The output must be exactly the lines from the "LAS NOVIAS presentan" line through the end of the listing below, with no picture included.

▸ **DATASET SECTION**:
● ● ● ● ● ● ●

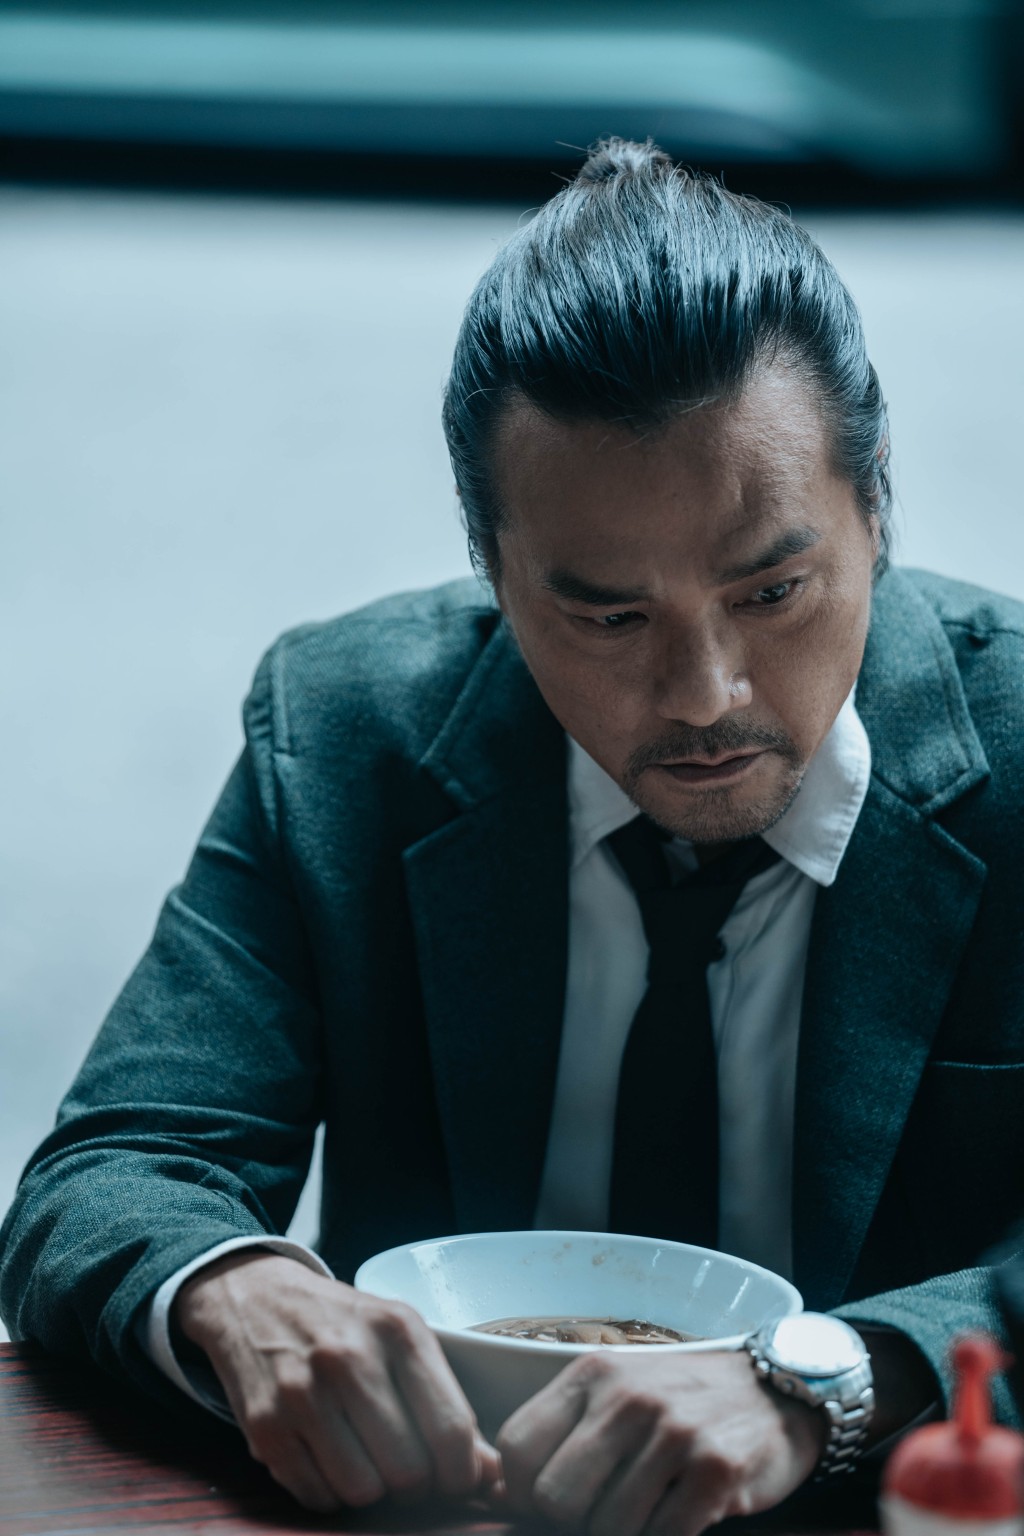 刘德华、林家栋、刘雅瑟等主演犯罪动作电影《潜行》将于1月11日上映。
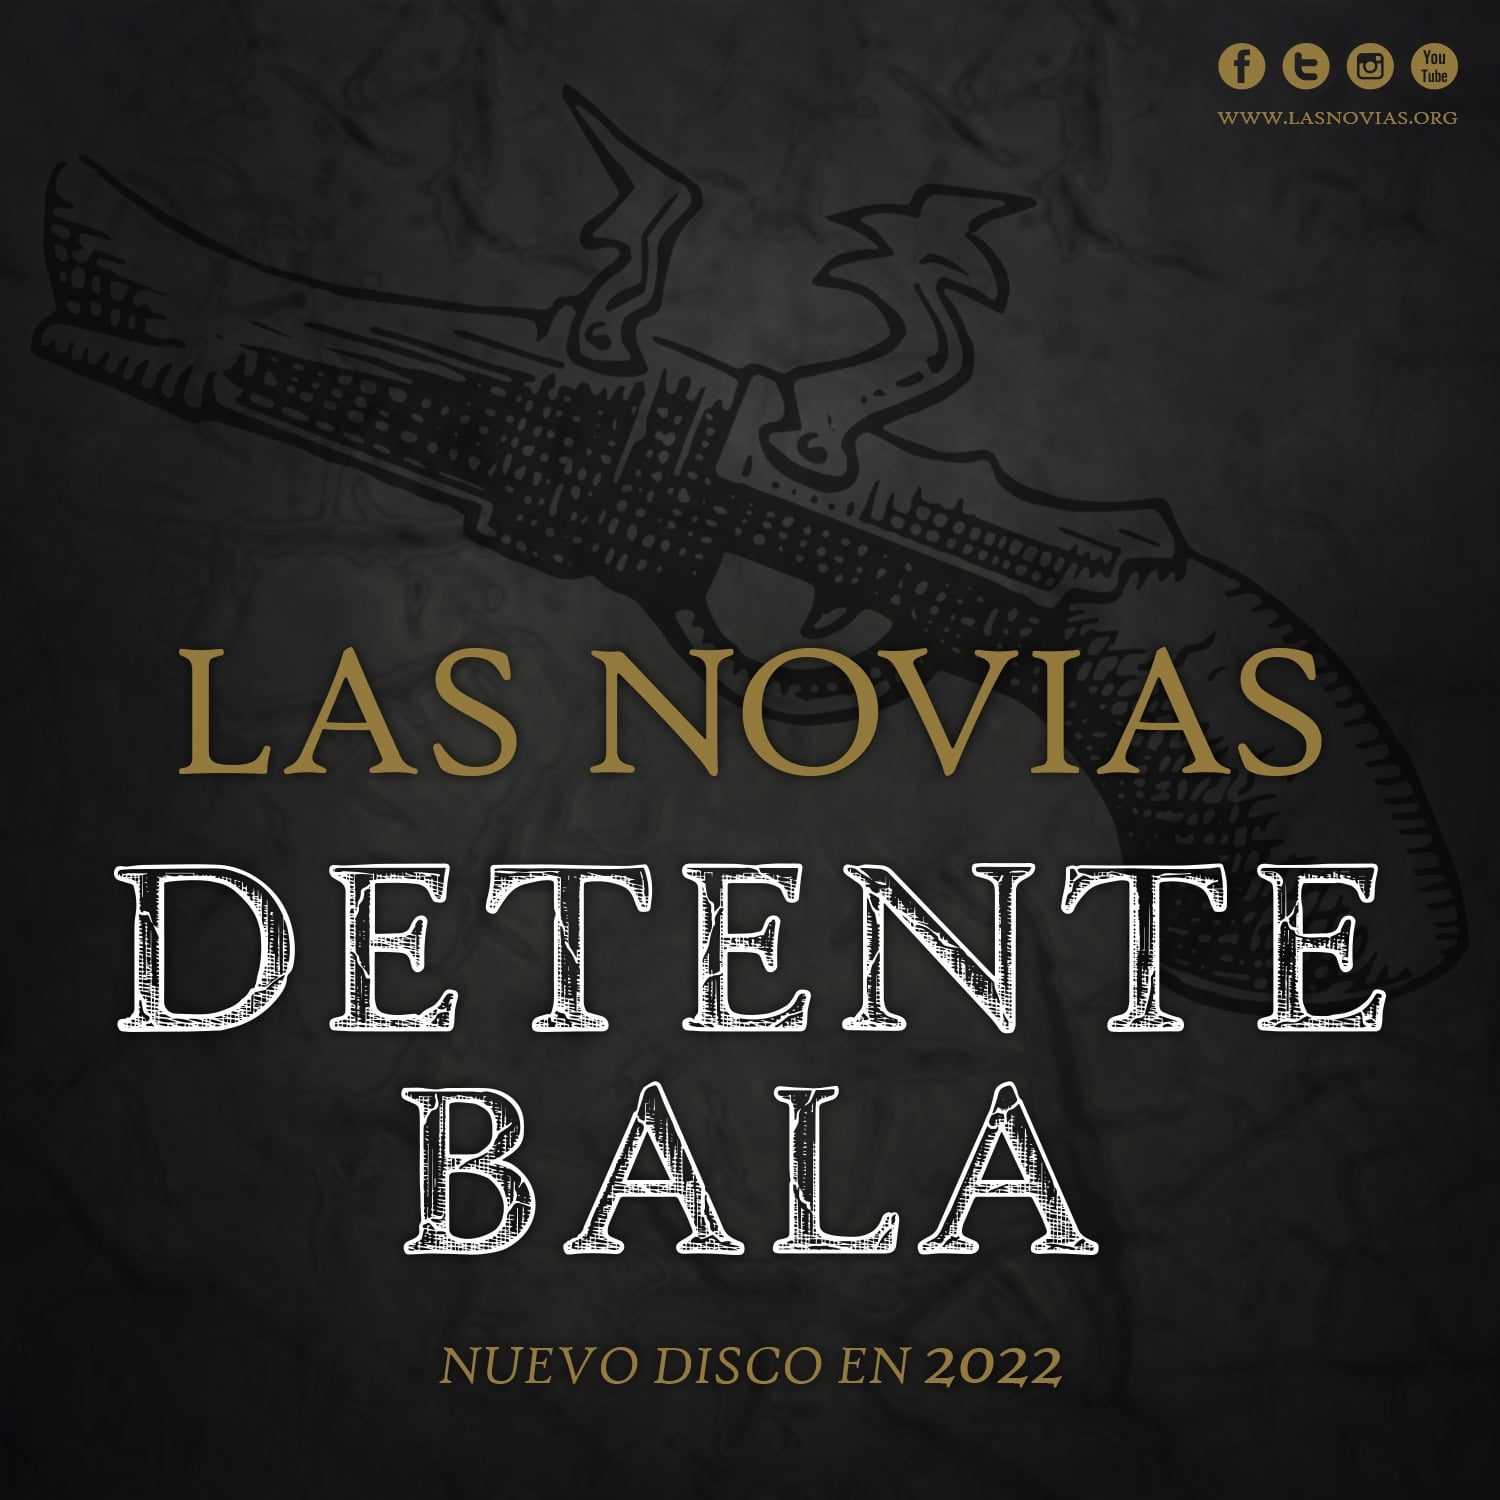 LAS NOVIAS presentan el vídeo de “Misericorde” primer avance de Detente Bala
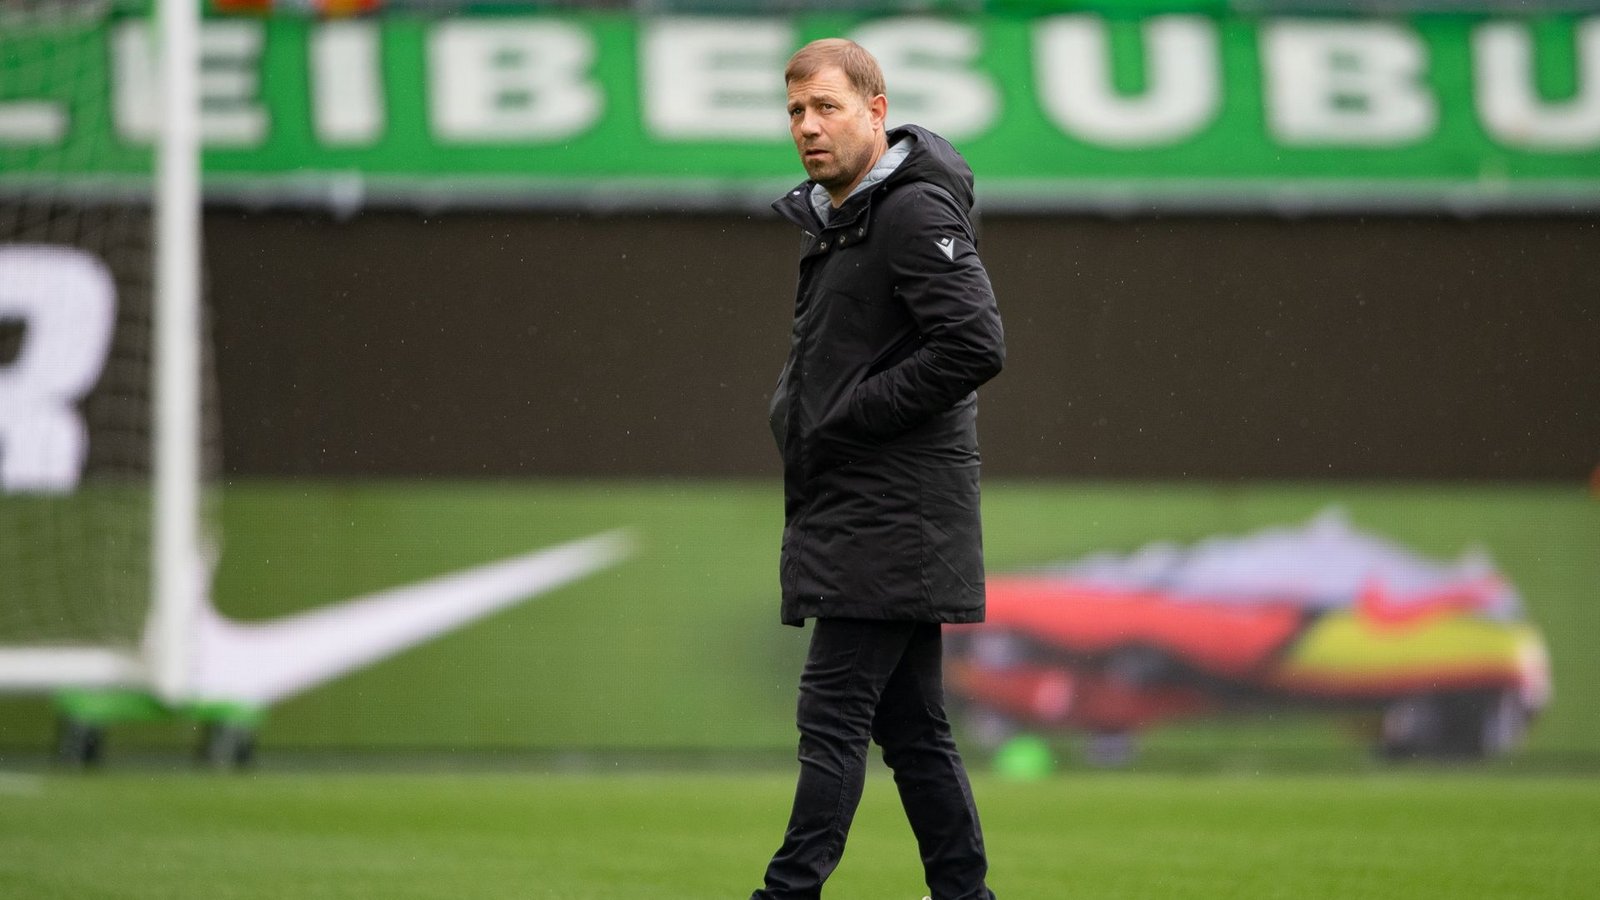 Medienberichten zufolge hat sich Arminia Bielefeld von Trainer Frank Kramer getrennt.Foto: Swen Pförtner/dpa

● ● ● ● ● ● ●

▸ **COMPLETED TASK**:
 LAS NOVIAS presentan el vídeo de “Misericorde” primer avance de Detente Bala
 Medienberichten zufolge hat sich Arminia Bielefeld von Trainer Frank Kramer getrennt.Foto: Swen Pförtner/dpa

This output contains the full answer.